Here is my current full list of filters:
ACCESS QUERY LOG FILTERS
Once again,
security sensitive numbers have been redacted. You'll also note that
several shortcuts have been used to filter whole types of entries. I
really shouldn't publish this list, because it can give someone who
has mal-intent a shortcut to finding how best to hide from
SlingShot's eagle eye.
I also use numerous filters with automated sorting,
deleting and renaming macros to get the raw data into an ever more
readable format even before applying the filters above. But that's
beyond the scope of this discussion.
Here's a picture of the final screen I use for logs
review:
LOGS TRACKER
The top list is the filtered log events. The bottom
list holds the copy of selected data for tracking. The bottom list is where I
keep the track of observed IP#'s and their browsing behaviors
exhibited. If it is an Unknown Viewer, 3 return visits of
human like behavior gets a UV number assigned to them. UV11 is circled
in red on the screen shot.
Tucked between the two lists is the note clipboard I use to keep
track of what point in the logs I have reviewed, such as ARC,
209.210.33.75, 01/30/06, 23:58:22. That way I know where to
start the next review.
Besides knowing which things can be filtered out, it
is really important to figure out which things are good to keep
track of, such as: Referrers. This is a record of whatever page it
was that linked the viewer to your site. Below is the Referrer entry
for somebody who arrived at American Road Cycling after
having performed a Yahoo search for "Bela Caroli":
http://search.yahoo.com/search?p=bela+caroli&fr=FP-tab-web-t&toggle=1&cop=&ei=UTF-8
You can plug the above into a your browser's URL
field to see just what led that person to the site. Search engine
results are to some degree variable, so things might have changed by
the time you take a look at it. Otherwise, the information derived
this way is used to make necessary changes so the next person
doesn't show up
using bandwidth needlessly while they are getting a bad feeling
about your name, as it is being associated with something that wasted their
time.
Other things you can learn by keeping certain items
in the report are such as:
Dan (Palletman) McNeilly
uses a Firefox browser. That sort of stuff is a comfort, because if
something I do is incompatible with that browser, I'm sure Palletman
is going to yell, "foul," and I'll be put on notice.
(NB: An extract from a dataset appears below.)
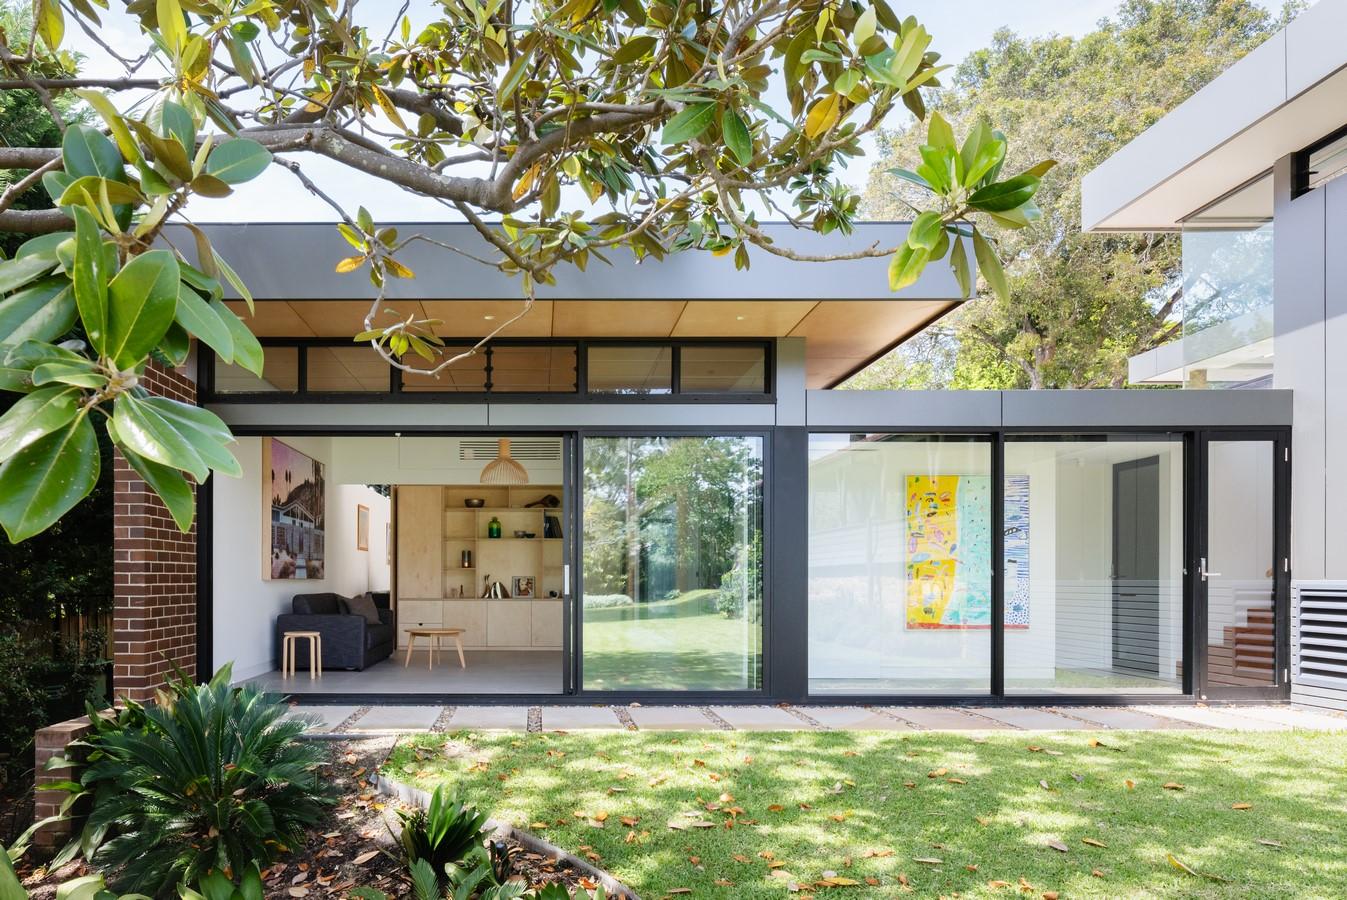 Lindfield Garden Pavilion by Utz-Sanby Architects - Sheet3
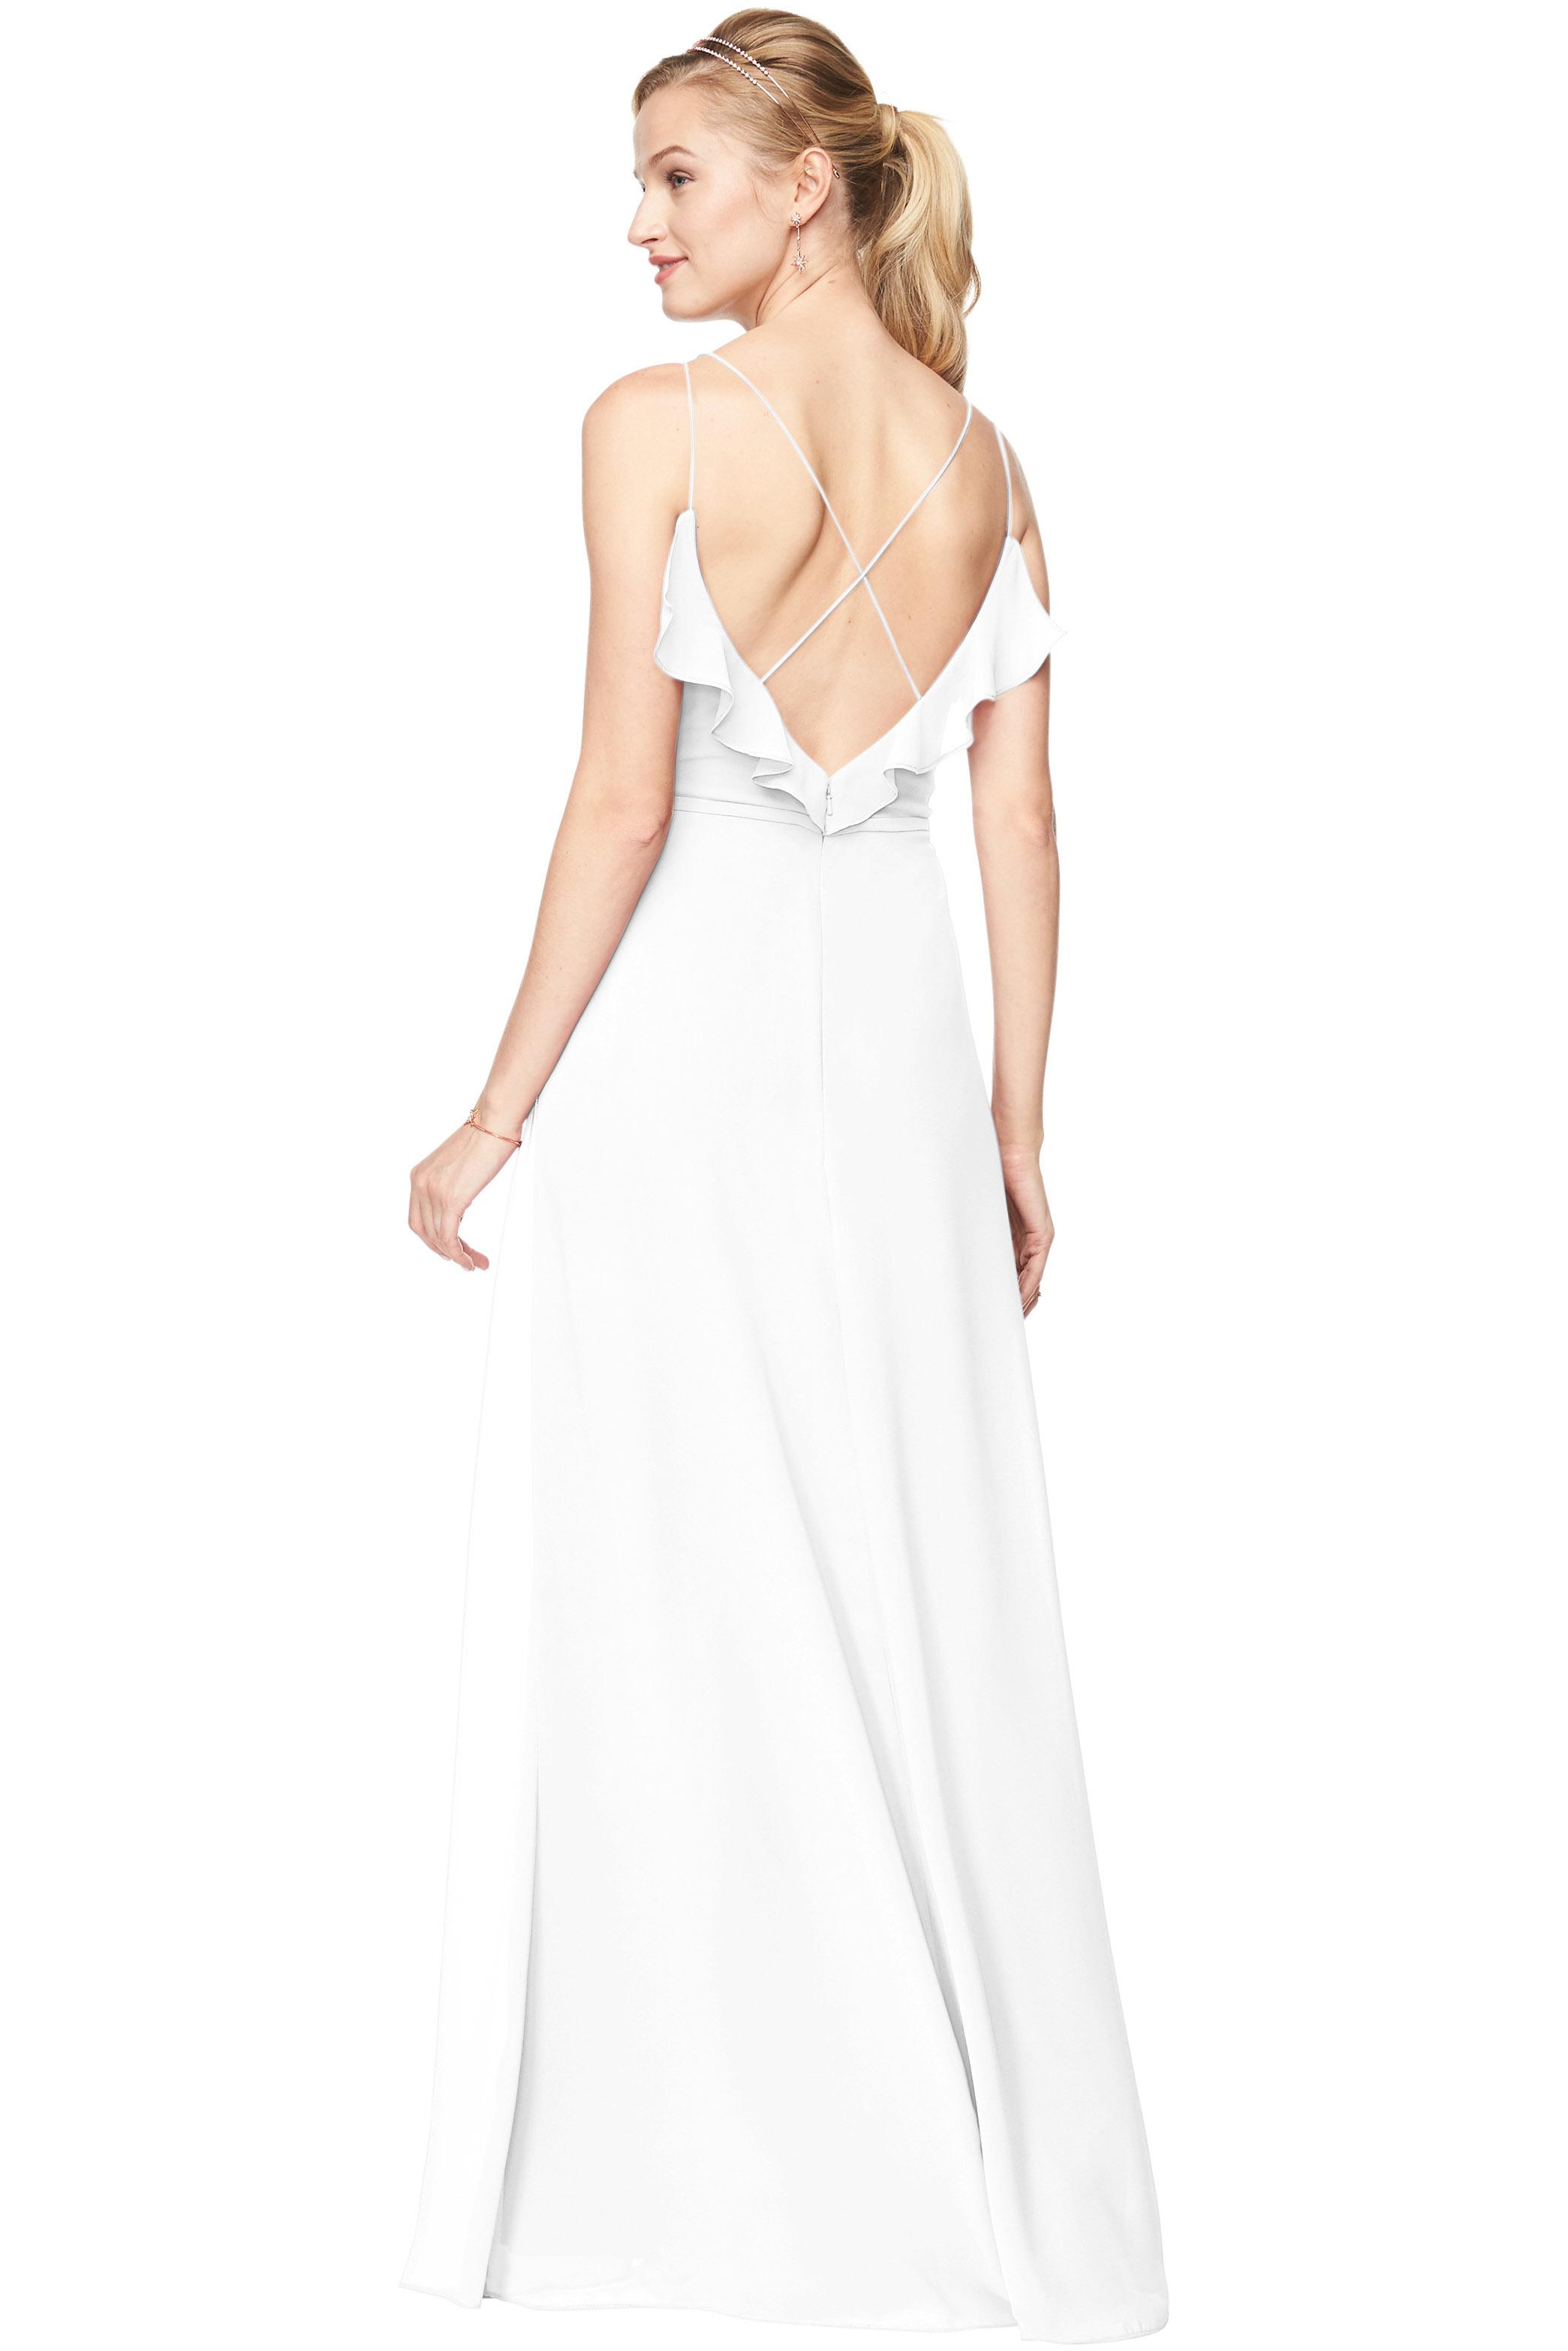 Bill Levkoff WHITE Chiffon V-Neck A-line gown, $198.00 Back

On the other hand, some people use this sort of
information to merely attract as much traffic as is absolutely possible to
a site, rational or not, just so they can report, "Wow, thousands
and thousands and thousands of hits. That's worth a lot. Pay me
more!'
A couple times a day, I log onto my server, grab a
copy of the log file, run it through the filtering process, check to
see who showed up. Take a look at how effectively American Road Cycling
seems to be working for them, and check them onto the
ATTENDANCE RECORDS.
Reviewing everybody's browsing this month have given me a solid
ability to look at logs and see right away who's a human, and
who's a bot. The biggest improvement is in my ability to identify a
person who has arrived through an AOL connection which assigns
several IP#'s at the same time, so their number keeps changing as
they click from page to page. Being able to do all this really helps
me when I review the Endico logs, and those logs are important,
because Mary's painting sales buys me computers, Ottrotts, and trips
to Florida.
In the final analysis, it turns out my first
impressions were almost totally correct. There are about a half
dozen regular readers of American Road Cycling, so about a dozen considering those
who show up once in awhile, and at the very most two dozen considering rare
or one time arrivals. Once in awhile there's a newbie who happens
onto the site, but just like we already knew, the status of "American
road cycling" is pretty sad. But at least I'm sure about those
numbers now,
not just guessing.
An unscrupulous Internet provider could easily
reinterpret the raw data, and truthfully state, there were 23,488
unique viewings of the American Road Cycling web site this month. The fact of the matter
would be that this "truth" represents a readership of less than a dozen
regulars, a half dozen more of irregulars, and maybe a dozen tourists
happening through from time to time. The rest is bots and nonsense. I can report
this, because I'm not making any money on your belief that a lot is
happening with American Road Cycling.
But this is an astounding number
of people, considering what I've seen with 36 other sites that I've done
over the last 13 years. One of them,
Equipoise, is even one of the earliest equine sites on the web,
and remains one of the best run and most unique horse sites, while
holding the title as the world's first "catch engine"—which is the
opposite of a search engine, and maybe more useful.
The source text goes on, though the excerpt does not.